Wikihow should really have a tutorial on how to start writing about the person, who meant the whole world to you.

Clueless, let me begin simply with his name. Srikumar Bondyopadhyay. He was everything to me. My  beloved Baba, of course, but also my best friend and my greatest teacher. The person, who would constantly push me to think in different ways, to write more. The person, who would gently explain all the mysteries of life on long walks along a mountain road. The person who had the greatest listening ear, the best taste in music and the brightest laughter.

Whenever the question comes up, ‘who’s your role model’ my answer is always Srikumar Bondyopadhyay. He pretty much shaped the person I am today, and contoured the person I want to be. Somewhere along the line, his childhood dream of becoming an economist became my ambition. The music he loved became the music I am obsessed with (both 60’s-70’s folk rock/country music junkies). His interest in Sanskrit and maths became my interests too (also I did transmit my obsession with history to him). He had his caffeine addiction and I proudly inherited that.

Srikumar Bondyopadhyay

The way he endeared himself to everyone he came across in life became the way I aspire to be. I am generally a person who is very eager to please. But even the praises from the biggest of people means very little next to the smile that Baba would give me whenever I came home with the smallest of achievements.  I don’t know what I will do without that; with my best friend gone. I don’t know who I’ll share my nerdy jokes with, who I’ll send all the interesting stuff I’ve read on the internet to, who I’ll do ‘people-watching’ with at parties. We used to joke that we had a telepathic connection (not as strong as the one he had with Ma though)- maybe it’s time to bring it to action.

It hasn’t really hit me; what Baba’s absence truly means. His presence was so huge, so bright and warm like the sun, that it’s quite impossible to miss him even when he isn’t there in front of my eyes. It will come crashing down soon enough, I suppose (I just hope there’ll be a bed or something when I inevitably crumple into mush). 

Till then, I’ll think of all the big and small moments that we shared together. How warm his cuddles were, the way he could laugh big and clear at every little thing, how he could turn into a literal 5-year-old on a sugar rush when playing with kids. He would read to me everything he wrote as if I could give him any feedback at all.

He used to start long-winded, elaborate analyses of share markets or China’s economy when he got slightly tipsy. He loved clicking photos so much that it was rather a Herculean task for me to find a single good photo of him. He never did anything without at least a week of intensive research — even when buying plants for his new-found hobby of gardening. 
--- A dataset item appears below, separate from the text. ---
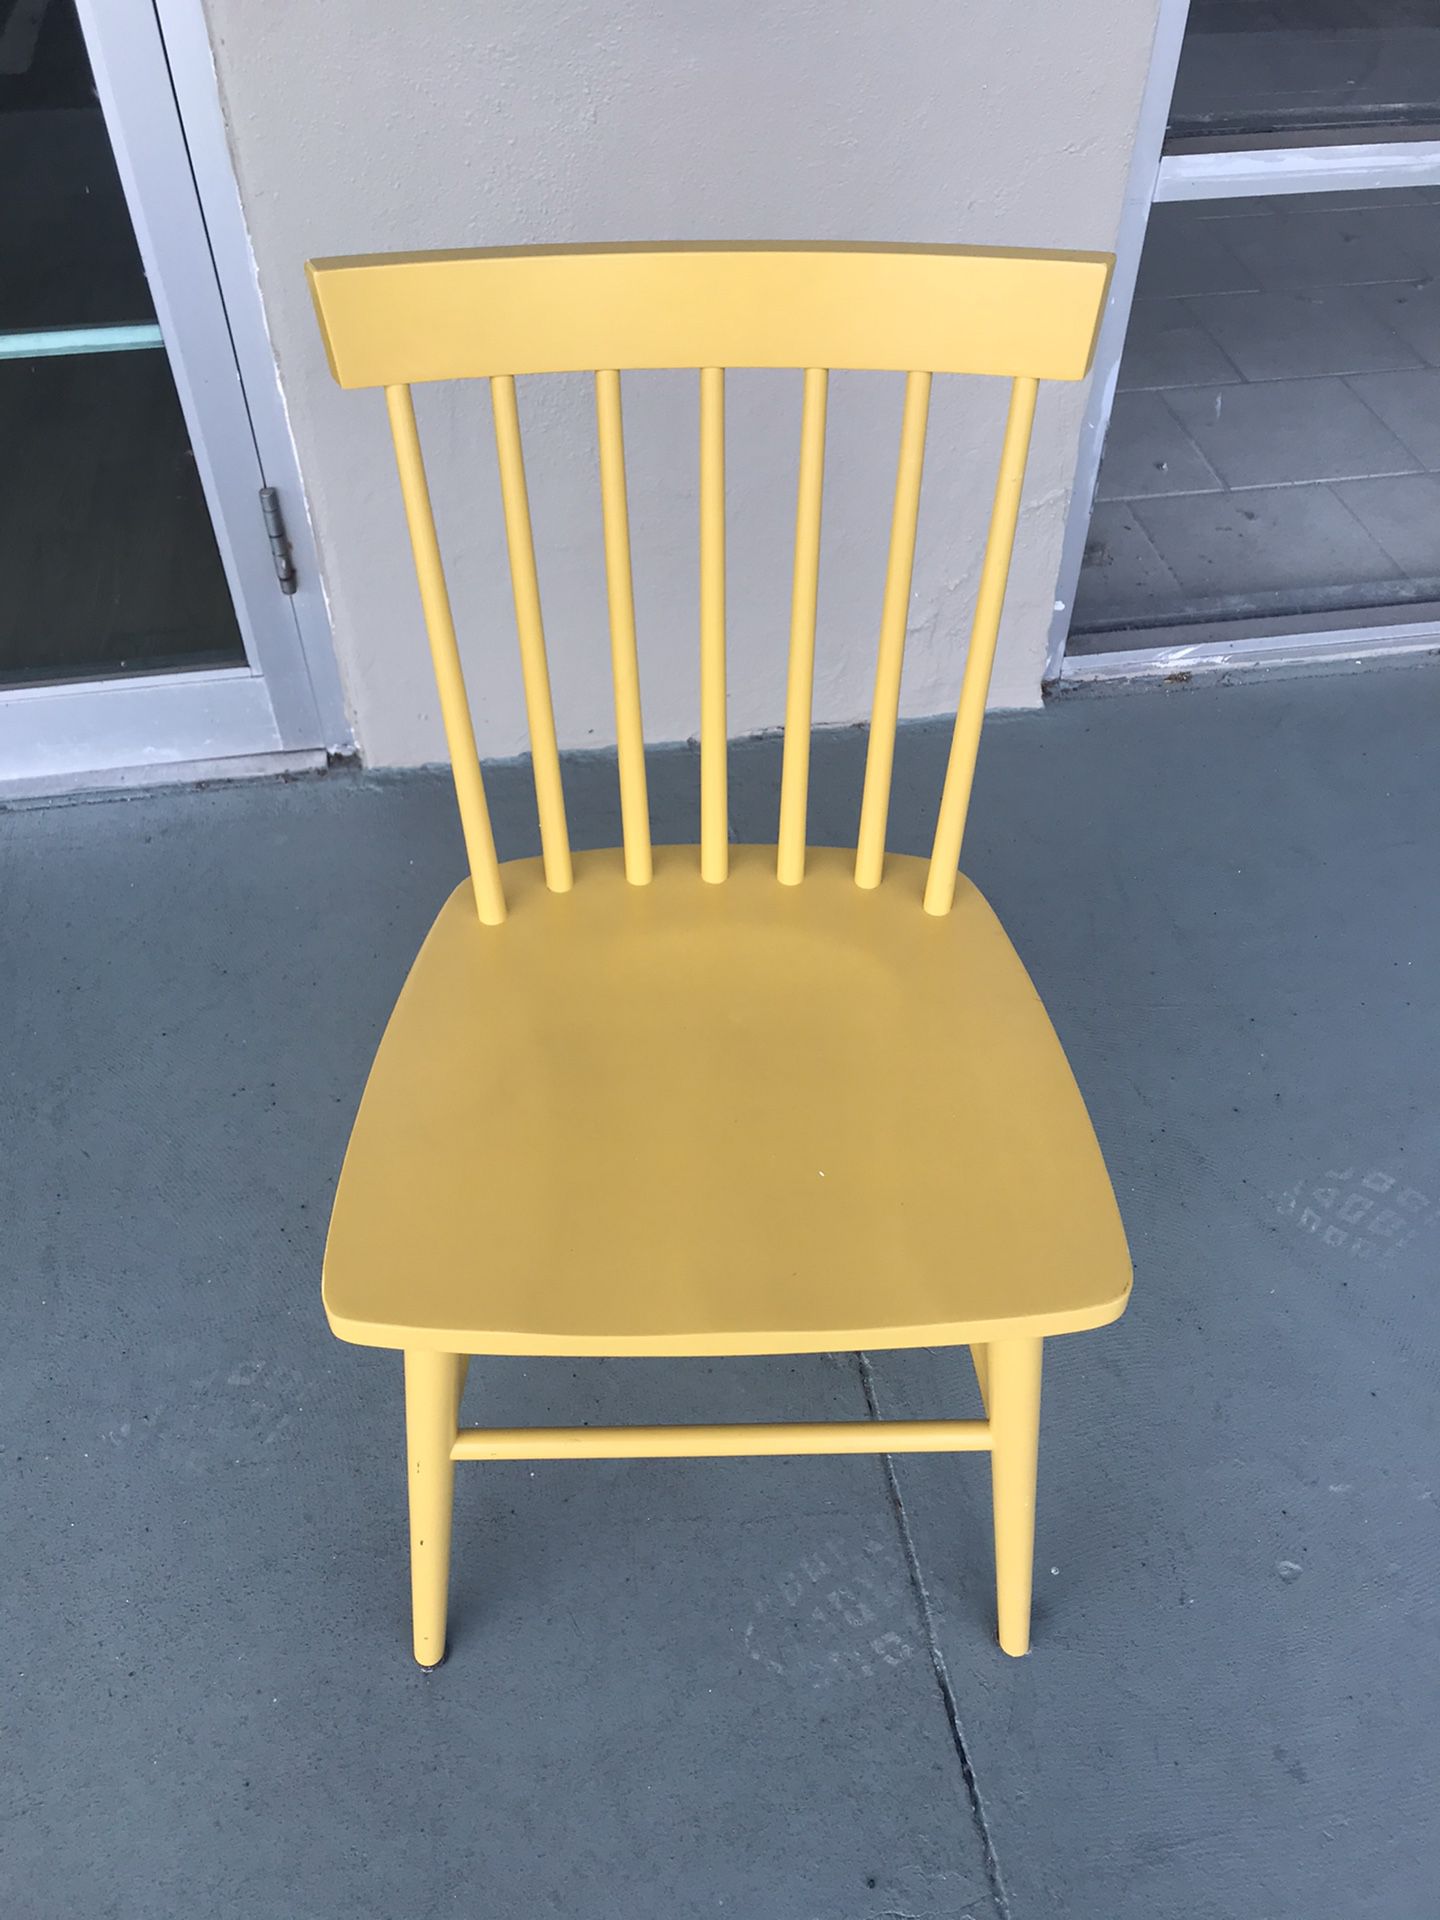 2 Yellow chairs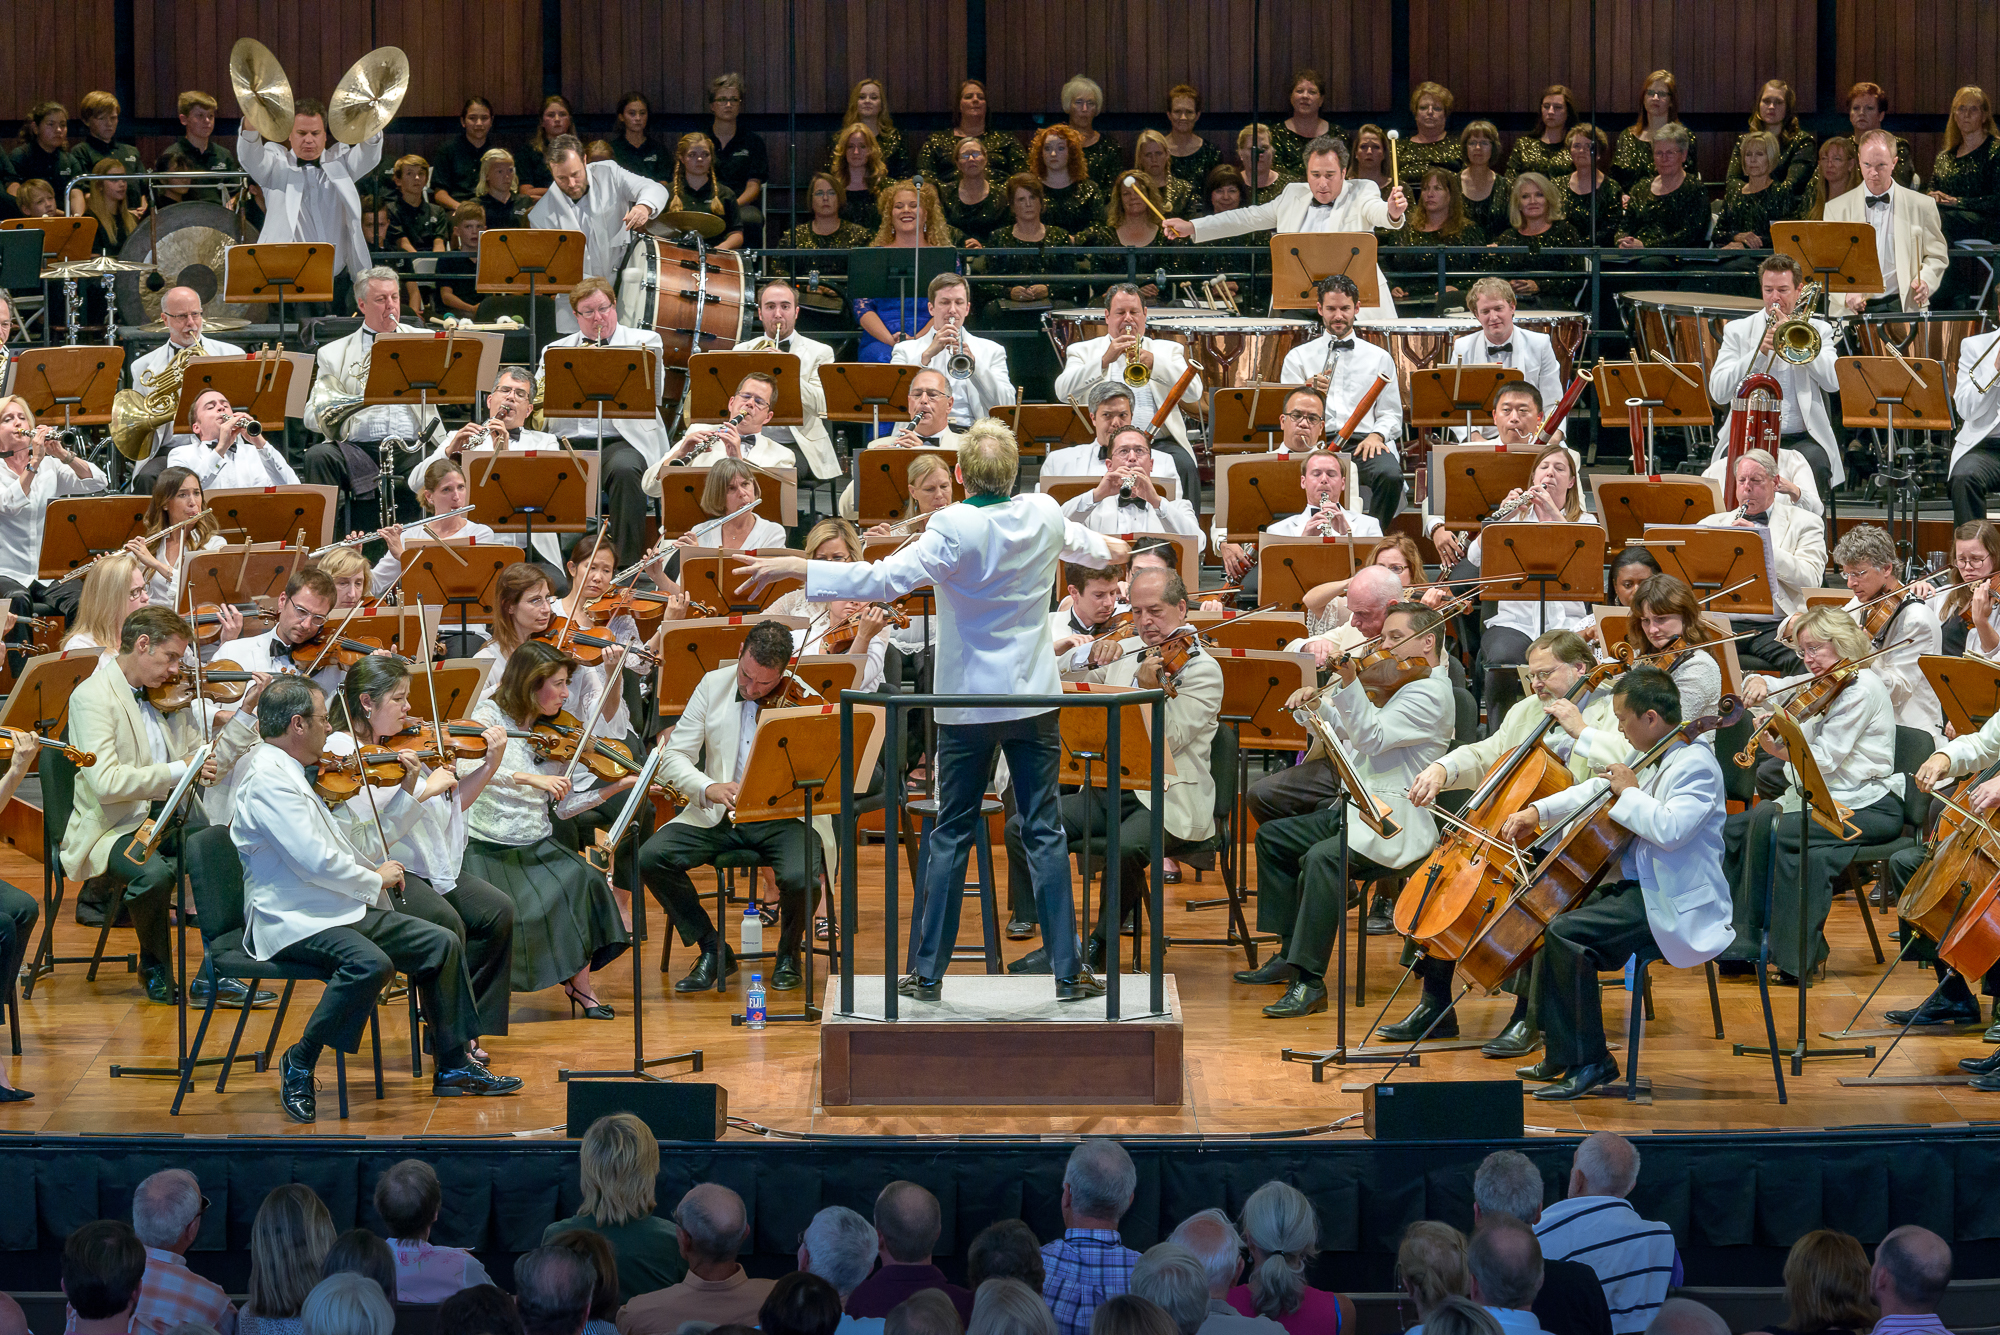 2016 SVSS Mahler3 Orchestra 8-18-16 - 27549 - Nils Ribi - web -2.jpg

So far what I wrote mean nothing really. There’s tons and tons more that I could say and I am pretty sure I’ve missed moments and memories that will pop up in my mind and hit me with the force of a fire truck later. Can’t stop for too long at all, for there’s so much that needs to be done. Now, Baba did not prepare me for any of this (very un-Srikumar Bondyopadhyay like). But, no complaints because he did give me the gift of his knowledge and experience and I’m the luckiest person in the world to have that. I’ll become the badass economist he wanted me to be, I’ll hug Ma and my sis tightly for him and I’ll take the best care of his camera and his plant babies. Hopefully, the telepathic connection will work at lightning speed and I’ll get to see that smile of his in HD.